Townes Boyd Johnson, III, of Townes B. Johnson III, LLC, of Greenville, for Appellant/Respondent.

Bernie W. Ellis, of McNair Law Firm, PA, of Greenville; and Robert L. Widener, of McNair Law Firm, PA, of Columbia, both for Respondent/Appellant.

SHORT, J.:

In this breach of contract action between Mac Papers, Inc. (Mac), Genesis Press, Inc. (Genesis), and one of Genesis's founders, Lawrence I. Kudeviz, Mac and Kudeviz filed cross-appeals. Mac, as Appellant/Respondent, argues the trial court erred in (1) finding Kudeviz's 1991 guaranty agreement was limited by Genesis's credit application, (2) finding Mac failed to prove that Kudeviz intended to be liable for more than $ 70,000, and (3) not addressing Kudeviz's liability under a 2008 guaranty agreement. Kudeviz, as Respondent/Appellant, argues the trial court erred in finding (1) he failed to terminate his personal guaranty, (2) he was not shielded from liability by equitable estoppel, and (3) he was not shielded from liability by the equitable doctrine of waiver. We affirm.

FACTS

On October 17, 1991, Genesis sought a $ 70,000 line of credit with Mac to purchase office supplies for its printing business in Miami, Florida. On December 2, 1991, Genesis's three principals, Kudeviz, Barry Zissok, and Lewis Levin, signed a personal guaranty agreement, which stated in part:

For and in consideration of credit extended or to be extended by [Mac], its successors or assigns, to and at the request of [Genesis,] the undersigned, jointly and severally, do hereby unconditionally guarantee the payment at respective maturity dates of any and all indebtedness of any kind whatsoever, whether now due or which may hereafter become due .... This guaranty contains no limitations or conditions except as written herein, may be modified only in writing signed by the parties hereto, and is to remain in full force and effect until written notice of its termination is received by registered mail by [Mac], its successors or assigns, at its office in Jacksonville, Florida, except the written termination of this guaranty by the undersigned shall be effective only as to future credit from and after the date [Mac], its successors or assigns, receives the aforesaid notice, i.e., any termination hereof as aforesaid shall not affect credits extended prior to its effective termination.

In 2007, Genesis moved its operation from Miami to Greenville. Between 1991 and 2008, Mac and Genesis conducted business without incident; however, on March 28, 2008, Genesis's Greenville operation suffered a devastating fire that disrupted their business. While Genesis litigated with its insurance carrier over coverage, Mac extended Genesis significant credit and flexibility so it could maintain its operation by restructuring some of its debt. As part of the restructuring, on December 9, 2008, Kudeviz, on behalf of Genesis, endorsed a note for $ 303,836.32 and signed a separate personal guaranty containing the same language as the 1991 guaranty. On February 2, 2009, Kudeviz endorsed another note for the sum of the first note, plus additional debt accrued during the interim time frame for a total of $ 401,852.51. In 2010, Genesis settled with its insurance company and paid Mac in full.

Between 2010 and 2012, Genesis accrued additional financial obligations to Mac, and by September 4, 2012, Genesis owed Mac $ 432,185.60. Mac filed a complaint for breach of contract against Genesis and breach of guaranty against Genesis's three principals, Kudeviz, Zissok, and Levin, for the unpaid balance of $ 432,185.60. Genesis filed bankruptcy, Zissok settled separately for $ 32,500, and Levin is now deceased.

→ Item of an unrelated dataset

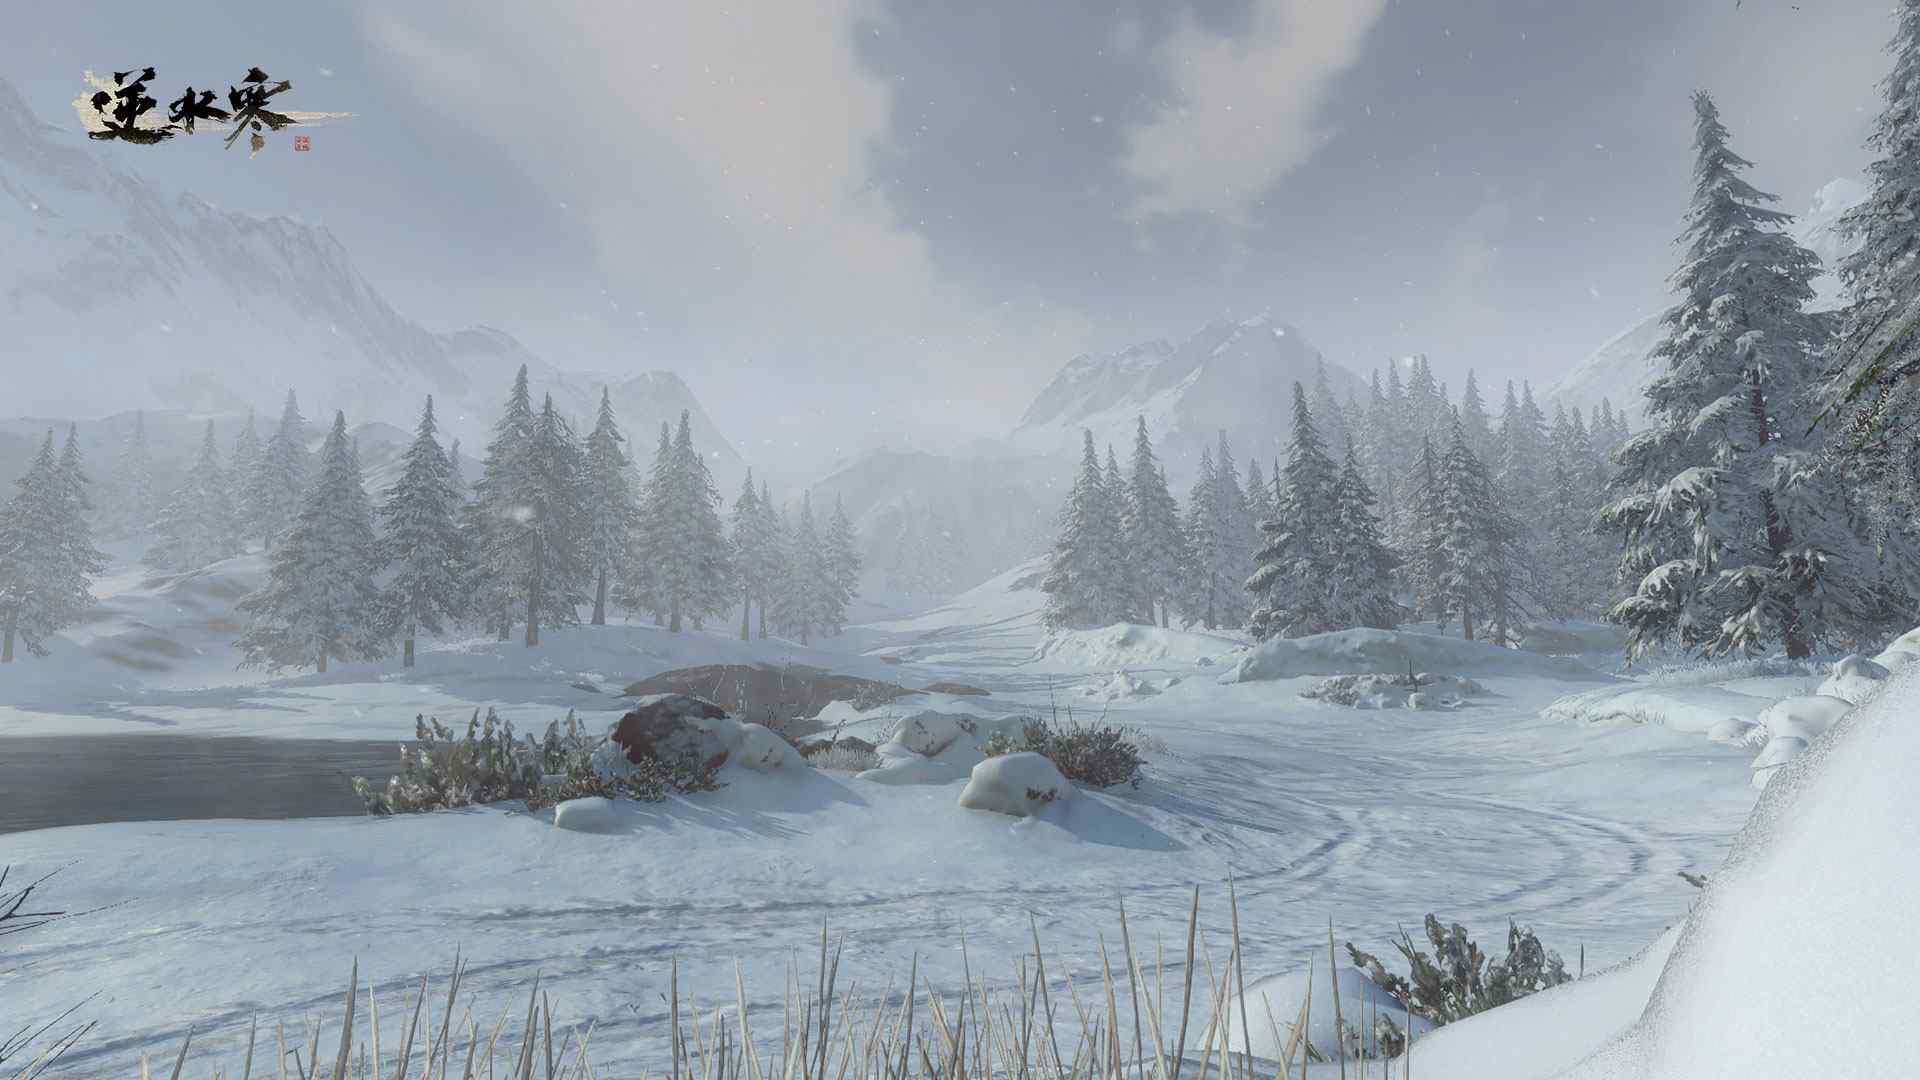 逆水寒雪原风景高清壁纸

Accordingly, Mac sought $ 399,685.60 from Kudeviz, which was the difference between the outstanding debt and Zissok's settlement.

During trial, Mac called two witnesses, Tonja Van Zandt, its vice president and finance manager, and Craig Boortz, the general manager of its Greenville office and primary salesperson for Genesis's account. Kudeviz testified on his own behalf. Kudeviz claimed he terminated his personal guaranty by an email exchange with Boortz on July 12, 2010. As part of an email to Boortz regarding a sale, Kudeviz asked, "On a separate subject[,] is [Van Zandt] working on releasing my personal note?" Boortz replied, "Yes she is and feel free to call her on anything related to the note."

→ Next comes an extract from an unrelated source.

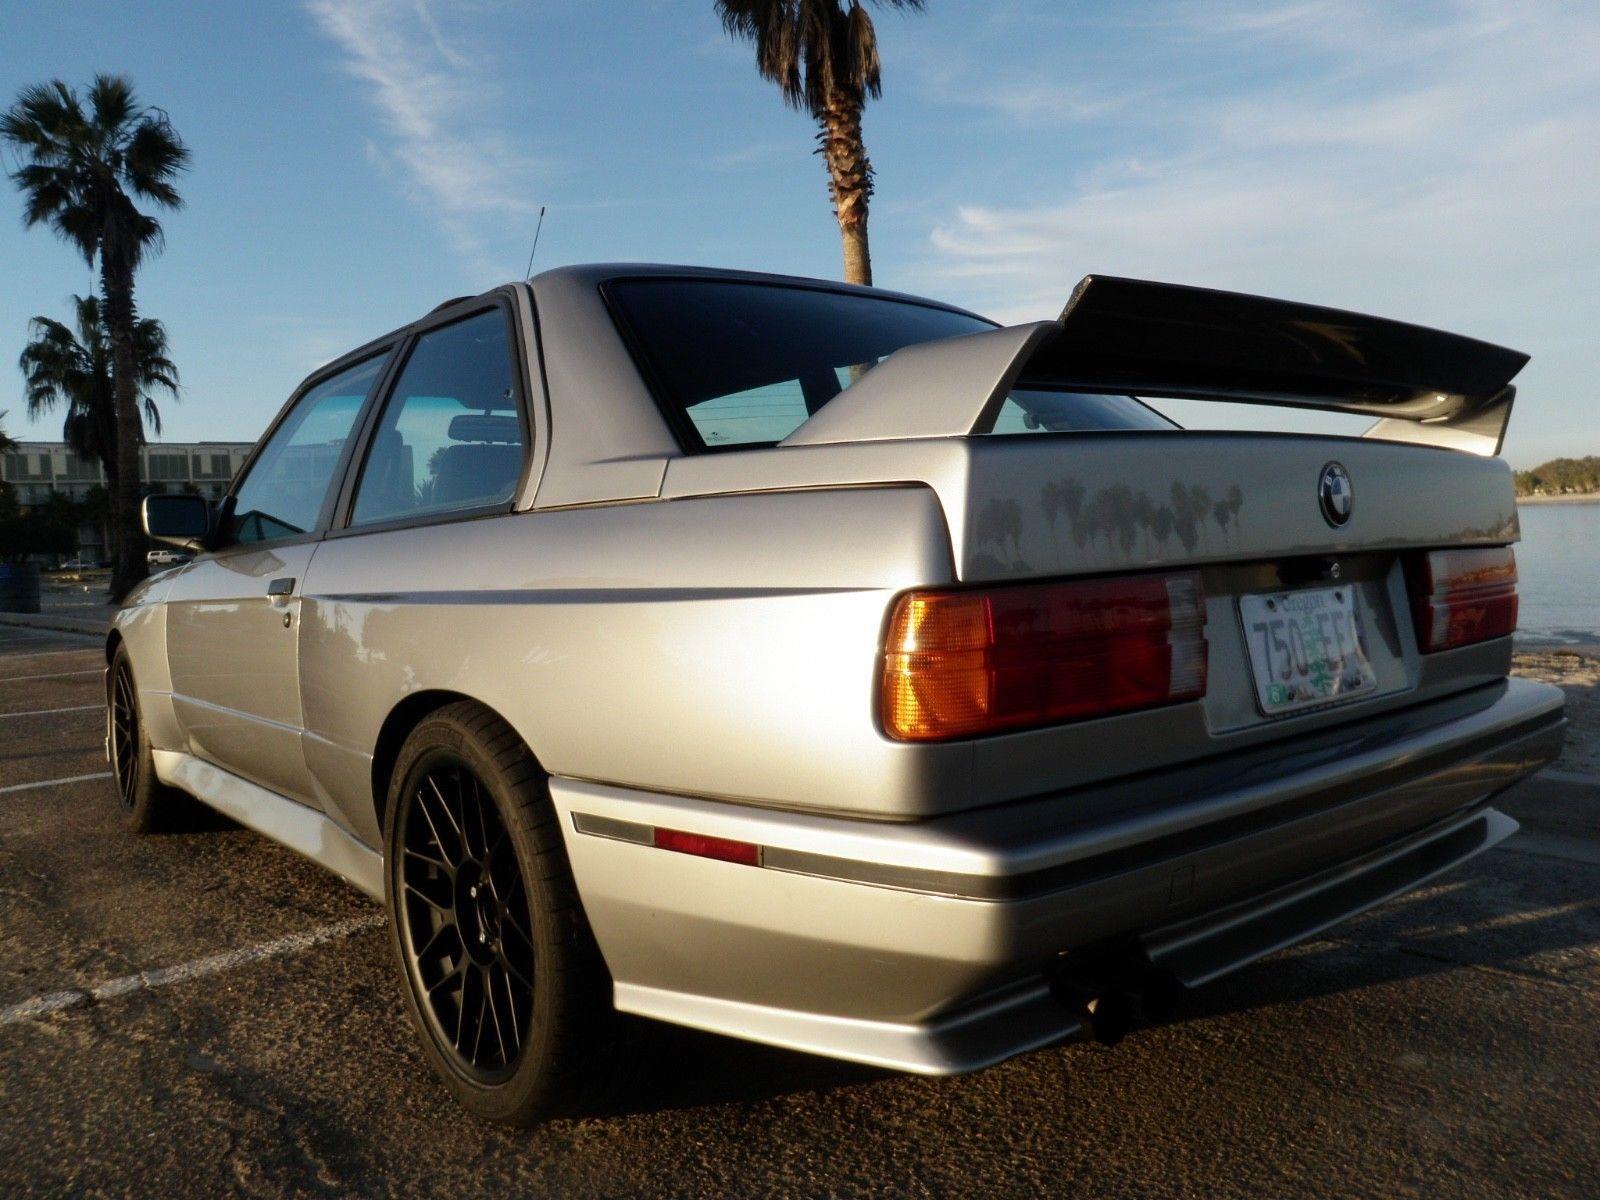 BMW M3 E30 cu motor V8 - BMW M3 E30 cu motor V8

The trial court found Kudeviz liable for Genesis's debt pursuant to the 1991 guaranty, but held Kudeviz's liability was capped at $ 70,000 by the terms of the credit application contemporaneously executed. This appeal followed.

STANDARD OF REVIEW

"When legal and equitable actions are maintained in one suit, each retains its own identity as legal or equitable for purposes of the applicable standard of review on appeal." Consignment Sales, LLC v. Tucker Oil Co. , 391 S.C. 266, 270, 705 S.E.2d 73, 75 (Ct. App. 2010) (quoting Corley v. Ott , 326 S.C. 89, 92 n.1, 485 S.E.2d 97, 99 n.1 (1997) ). "An action for breach of contract is an action at law." Electro-Lab of Aiken, Inc. v. Sharp Constr. Co. of Sumter, Inc. , 357 S.C. 363, 367, 593 S.E.2d 170, 172 (Ct. App. 2004).

"In an action at law, on appeal of a case tried without a jury, the appellate court's standard of review extends only to the correction of errors of law." Id. "The trial [court's] findings of fact will not be disturbed upon appeal unless found to be without evidence which reasonably supports the judge's findings." Id. "The trial court's findings are equivalent to a jury's findings in a law action." Branche Builders, Inc. v. Coggins , 386 S.C. 43, 47, 686 S.E.2d 200, 202 (Ct. App. 2009). "Questions regarding credibility and the weight of the evidence are exclusively for the trial court." Id.

"In an action at equity, tried by a judge alone, an appellate court may find facts in accordance with its own view of the preponderance of the evidence." Inlet Harbour v. S.C. Dep't of Parks, Recreation & Tourism , 377 S.C. 86, 91, 659 S.E.2d 151, 154 (2008). "However, we are not required to disregard the findings of the trial [court] who saw and heard the witnesses and was in a better position to judge their credibility." Straight v. Goss , 383 S.C. 180, 192, 678 S.E.2d 443, 449 (Ct. App. 2009). "Moreover, the appellant is not relieved of his burden of convincing the appellate court the trial judge committed error in his findings." Pinckney v. Warren , 344 S.C. 382, 387-88, 544 S.E.2d 620, 623 (2001).

LAW/ANALYSIS
I. Kudeviz's Appeal1

Kudeviz argues he terminated his continuing guaranty as evidenced by the July 12, 2010 email exchange with Boortz; therefore, he was not liable for any of Genesis's unpaid debt. We disagree.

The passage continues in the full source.